Ontem, a tradicional coletiva de atualização das ações de SP no combate à covid-19 contou com a presença do presidente da Câmara, Rodrigo Maia (DEM-RJ) —, que, nesta semana, desmarcara reunião que teria com o governador pouco depois de Bolsonaro anunciar que não compraria as doses do que classificou como “a vacina chinesa de Doria”. O deputado esclareceu que, se for aprovada, articulará a inclusão da CoronaVac no Programa Nacional de Imunização (PNI). “Espero que a gente consiga construir, através do diálogo, a solução não apenas para São Paulo, mas para todos os brasileiros que precisam dessa e das outras vacinas para garantir proteção, principalmente o grupo de risco”, ressaltou.

O parlamentar admitiu a necessidade de “organizar aquilo que está desorganizado, infelizmente”, se referindo ao embate politizado em torno da vacina do Butantan. “Tenho certeza que o presidente da República vai ouvir nossos apelos e que não vamos precisar de outro caminho a não ser um bom diálogo, como o que tem tido com Parlamento a longo desses últimos meses”, salientou.

Doria, no entanto, não se mostrou tão confiante quanto Maia na interlocução com o governo federal.
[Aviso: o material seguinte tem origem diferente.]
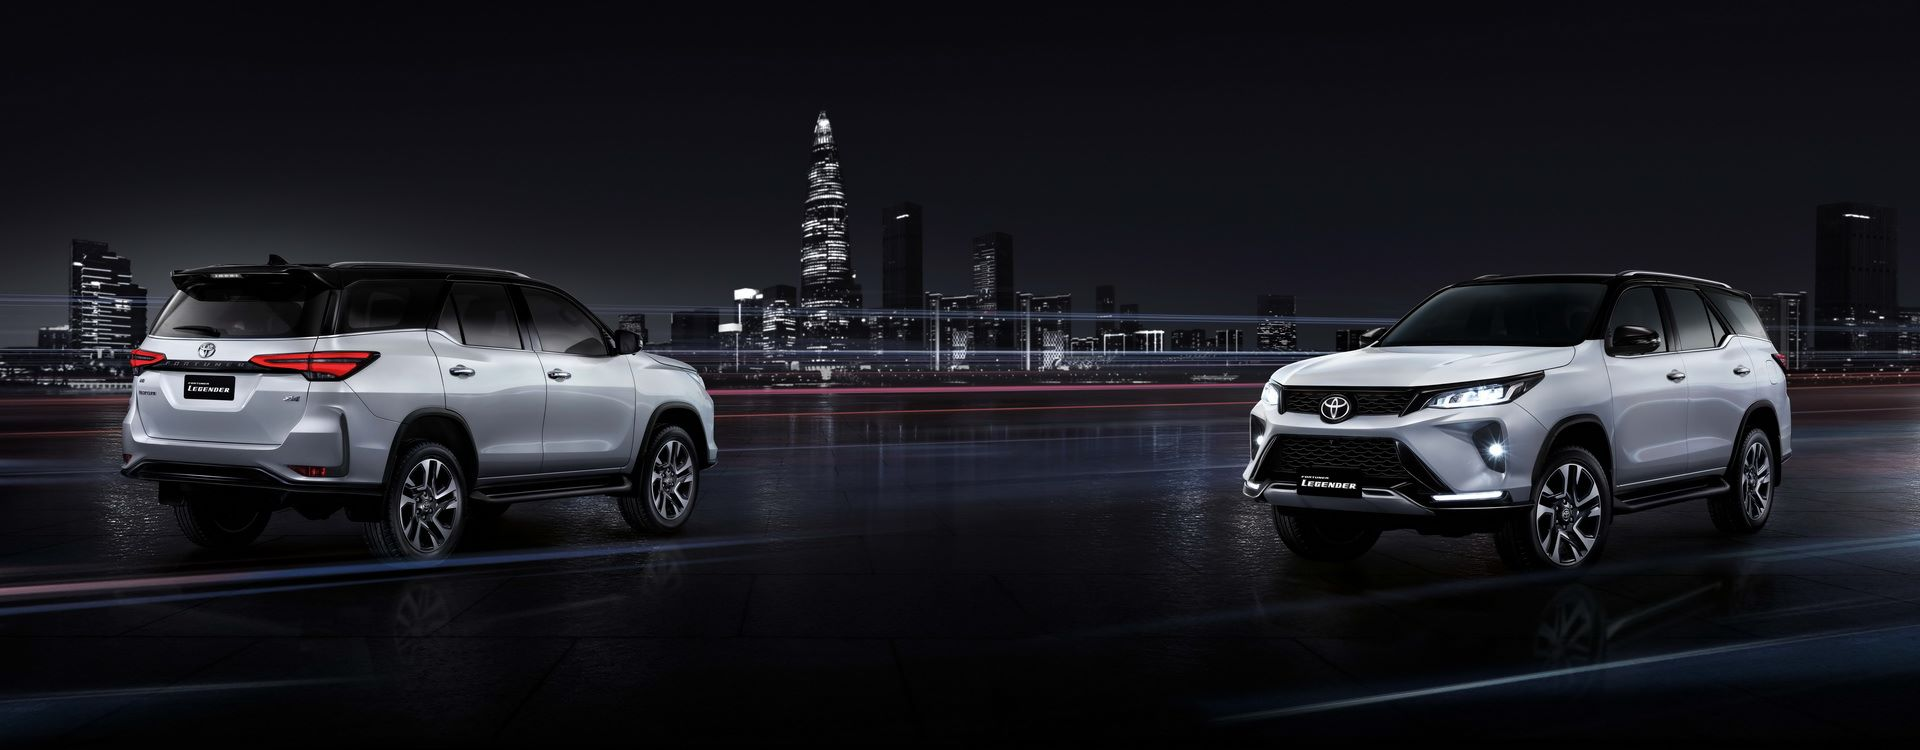 Toyota-Fortuner-2020-18

E indicou que fará o que for preciso caso a questão sobre a CoronaVac não seja resolvida pacificamente. “Se, pelo diálogo, nós não tivermos o alcance daquilo que é necessário para salvar a vida de brasileiros, não tenho a menor dúvida que adotaremos todas as medidas que forem necessárias”, ameaçou.
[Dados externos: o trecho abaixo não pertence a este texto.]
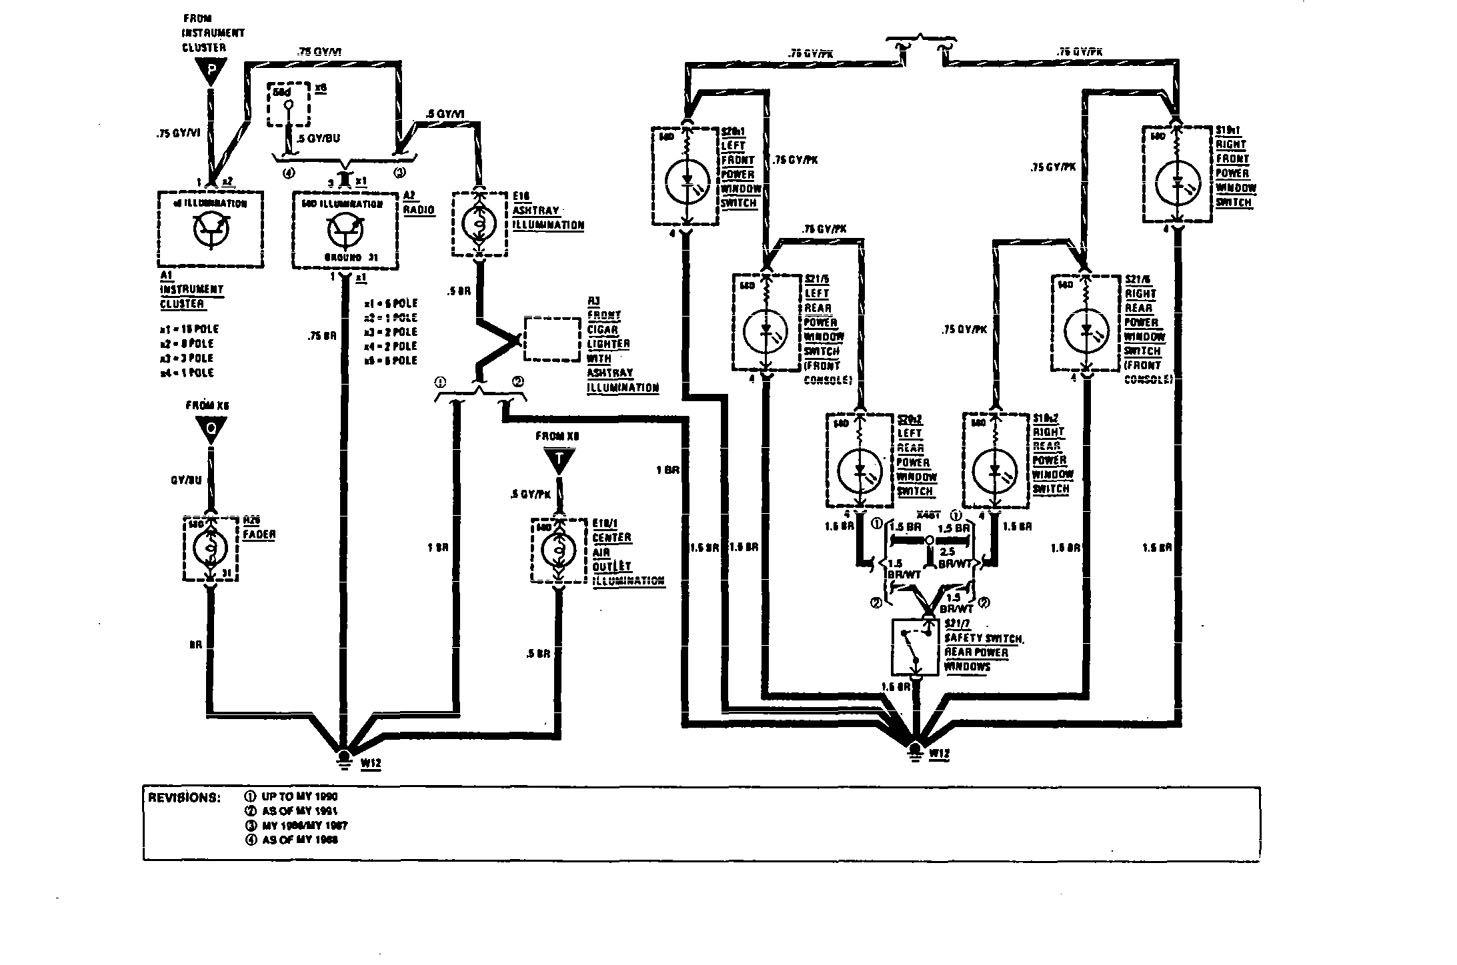 MERCEDES 560SEL FUSE BOX DIAGRAM - Auto Electrical Wiring Diagram on honda wiring diagram, mercedes-benz diagram, dodge wiring diagram, kia wiring diagram, dayton wiring diagram, naza wiring diagram, toyota wiring diagram, freightliner wiring diagram, taylor wiring diagram, mercury wiring diagram, nissan wiring diagram, mercedes speedometer, vw wiring diagram, mercedes timing marks, international wiring diagram, mercedes wire color codes, chevrolet wiring diagram, mercedes electrical diagrams, mercedes wiring color, mercedes firing order,

Mesmo com a garantia de Bolsonaro de que o governo federal não investirá na vacina Sinovac-Butantan, mais seis centros de pesquisa para acelerar a fase final de testes clínicos foram criados no Brasil, com apoio do Palácio dos Bandeirantes. O objetivo é ampliar o número de voluntários aptos a participar dos testes com o imunizante. Assim, os estudos serão ampliados de 9 mil para 13 mil voluntários, em 22 locais de pesquisa. Nesta fase, uma metade dos participantes recebe a dose da CoronaVac e a outra, uma injeção com placebo.

Reclamação e liberação

Na última quinta-feira, o Butantan denunciou que haveria atrasos deliberados da Anvisa no despacho dos processos para importação dos insumos necessários para a produção da CoronaVac. Após a repercussão, a agência se manifestou, negando qualquer tipo interferência política e ideológica e, ontem, a agência a liberou a importação de seis milhões de doses prontas da vacina da Sinovac.

O Butantan aguarda, ainda, autorização para trazer ao Brasil matéria-prima da vacina, suficiente para fabricar mais 40 milhões de doses. A liberação não foi autorizada devido a “discrepâncias apontadas no processo”.